DEFAULTATTR	default attribute for query evaluation

ATTRIBUTE	definition of a positional attribute
		at least one positional attribute should be defined, the first
		defined attribute is the default one (in most cases it is the
		word form and the name of this attribute is `word')

STRUCTURE	definition of a structural tag

PROCESS		definition of a process for preprocessing text before
		encoding a corpus or postprocessing corpus data

ALIGNED		name of an aligned corpus
		Both corpora should have a structural tag named `align'
		with one to one correspondence of respective token
		sequences.

SHORTREF	atribute of a structure to display as a defaul
                reference in concordance, defaults to the first
                attribute of the first structure or '#' (token number)
                if no attribute of a structure exists

FULLREF		comma separated list of references which will be
                displayed as a full reference in Bonito, defaults to
		the first attribute of the first structure in the
                corpus config file

HARDCUT		maximum number of query result lines 

MAXCONTEXT	maximum number of positions in context, default 100,
                0 means unlimited

MAXDETAIL	maximum number of positions in detail

REBUILDUSER	comma separated list of users with permition to
		rebuild the corpus
		special value "*" means any user can rebuild the
		corpus

WPOSLIST
LPOSLIST        list of word and lemma POS label-tag pairs
		the first character of the string is a separator used
		to separate values in the rest of the string
		WPOSLIST is for the "tag" attribute
		LPOSLIST is for the "lempos" suffixes 

TAGSETDOC	URL to corpus tagset summary page, the link is
		displayed on the concordance entry form

SUBCORPATTRS	comma separated list of document attributes used for
		creating subcorpora, use "|" insted of comma to
		display atributes on the same row in the subcorpus
		creation form


WSATTR		attribute name for which word sketches are computed
		defaults to "lempos" if the corpus has that attribute,
		or "lemma" if the corpus has that attribute, or
		DEFAULTATTR otherwise
WSPOSLIST	LPOSLIST of word sketch POSes

WSSTRIP		number of characters to strip from the end of a word
		in a word skech listings
		defaults to 2 if WSATTR is "lempos", or 0 otherwise
WSBASE		path to word sketches data files
		defaults to PATH/WSATTR-ws
		use "none" to disable WordSketch menu items
WSTHES		path to word sketches thesaurus data files
		defaults to PATH/WSATTR-thes

WSDIFFSTEP      minimum difference of WS scores to highlight in
                different colors

ATTRIBUTE and STRUCTURE options can be repeated and enriched with
an additional information block.
Additional attribute options are described in the following table.
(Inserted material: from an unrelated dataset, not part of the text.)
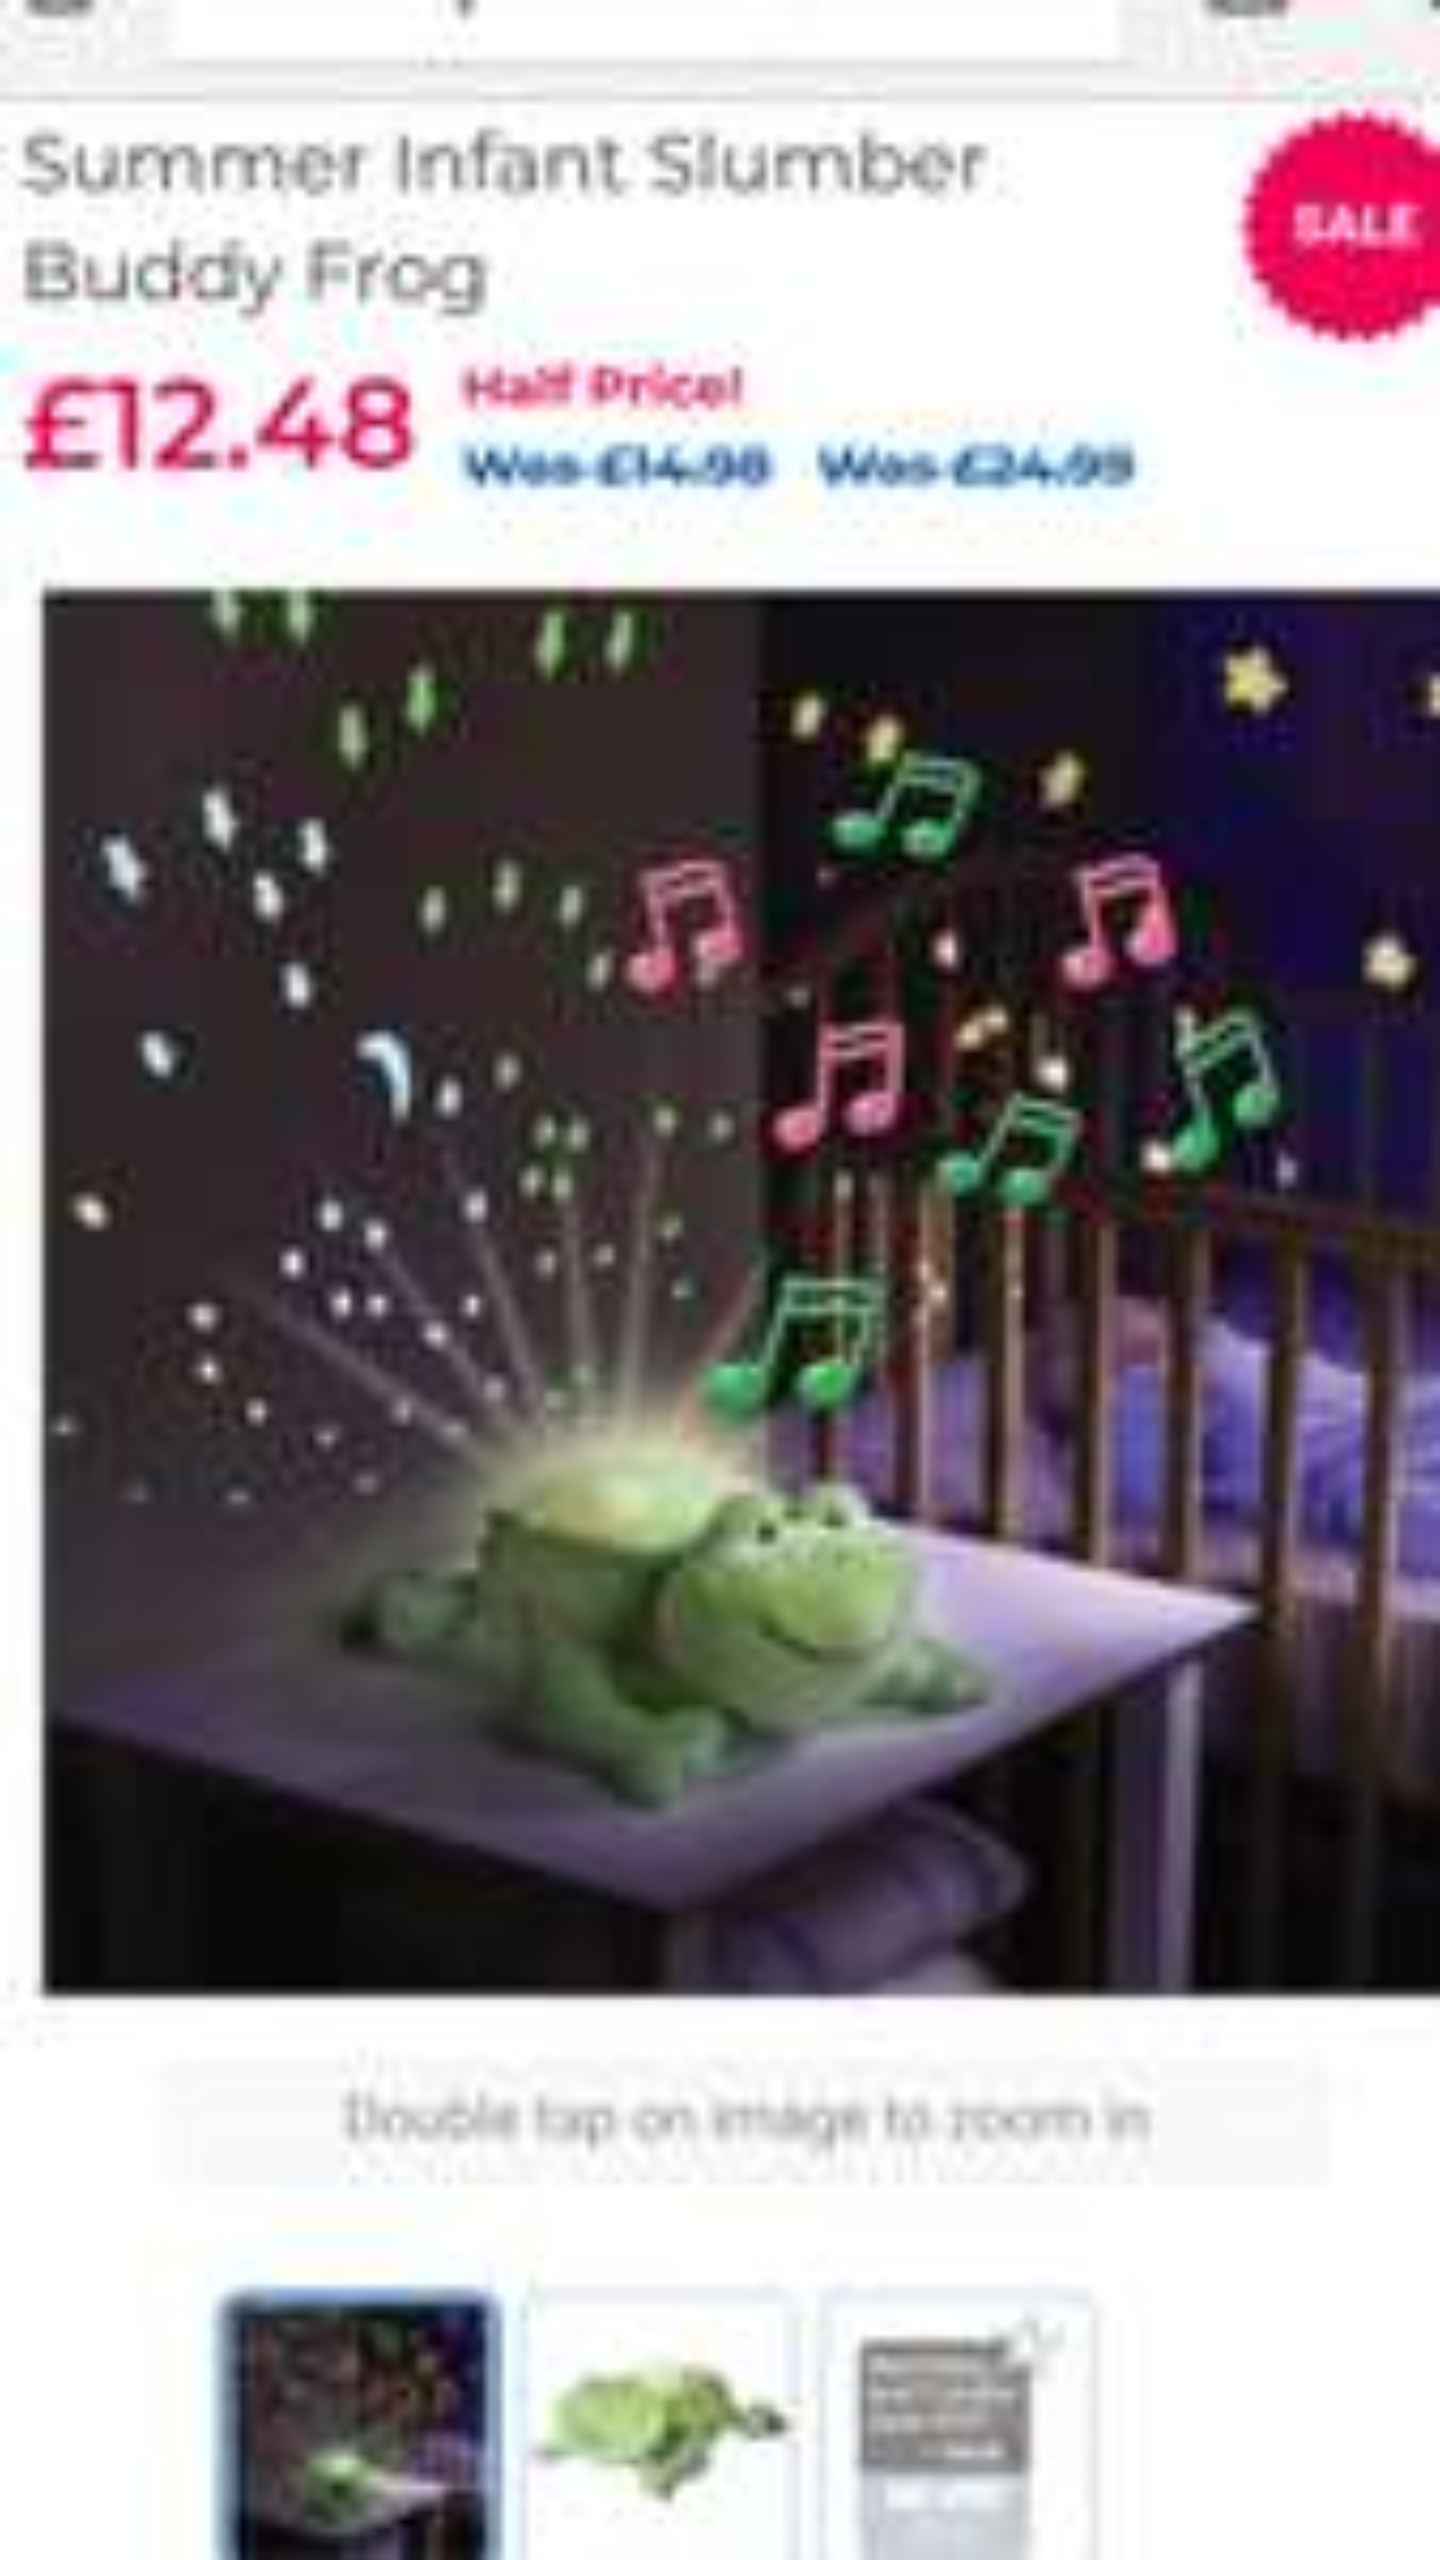 Summer Infant Slumber Buddy Frog 12.48 from £24.99 babiesrus C&C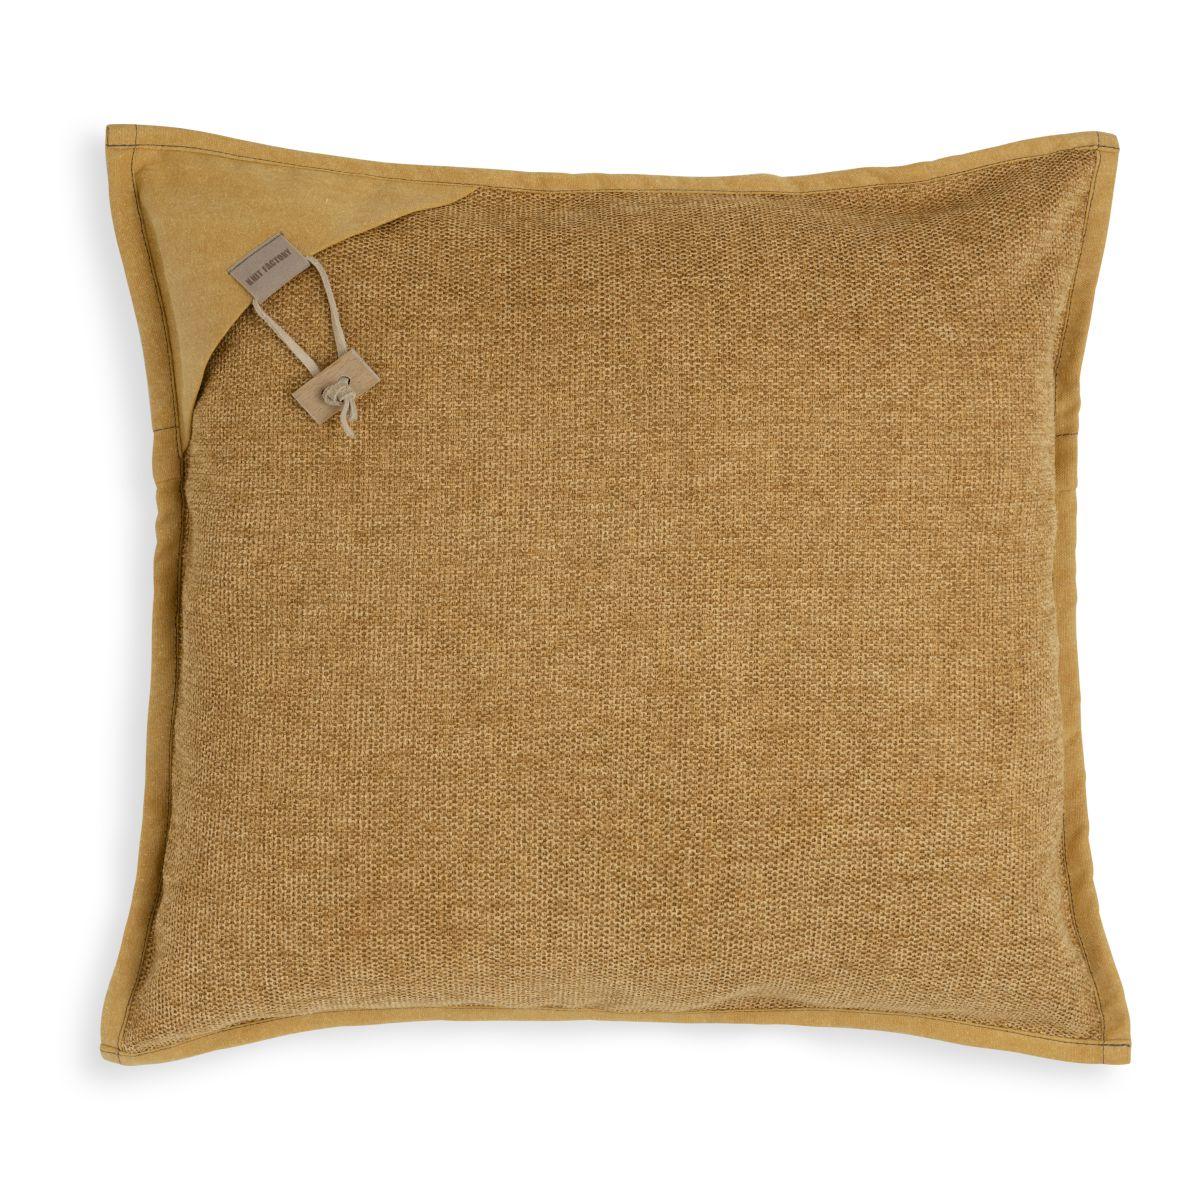 knit factory kf154012017 hope kussen oker 50x50 1

LOCALE		locale code of a used language (and region). This
		value is used in the query evaluation (of regular
		expressions) and the concordance lines sorting

		default locale is standard Posix locale (`C')

TYPE		Storage and access type of an attribute.
		Use "FD_FGD" for corpora bigger than 200M tokens.
		

MULTIVALUE	indicate whether the attribute has multivalues
  MULTISEP	defines multivalue separator, if empty ("") value is
		split into characters

DYNAMIC		if this option exists given attribute is a dynamic one
		and the value of this option is the name of C function
		which defines given dynamic attribute

  DYNLIB	dynamic library containing given function

  FUNTYPE	type of given function
		0 -- no extra argument
		c -- one char extra argument
		s -- one (const char*) extra argument
		i -- one int extra argument
		cc -- two char extra arguments
		ii -- two int extra arguments
		ss -- two (const char*) extra arguments
		ci -- two extra arguments, first char, second int
		cs, sc, si, ic, is -- likewise

  ARG1		the first optional fixed parameter

  ARG2		the second optional fixed parameter

  FROMATTR	the name of attribute from witch the given attribute is created

  DYNTYPE	type of the dynamic attribute, possible values are: 
		plain, lexicon, index (default)
		plain -- only displaying is enabled
		lexicon -- displaying and counting (frequency 
		           distribution) are enabled
		index -- all features including querying are enabled

  TRANSQUERY	use transformation function for queries (multivalues
		not supported)



In an additional information block of a STRUCTURE option there can be
arbitrary many ATTRIBUTE options (with possible additional option blocks).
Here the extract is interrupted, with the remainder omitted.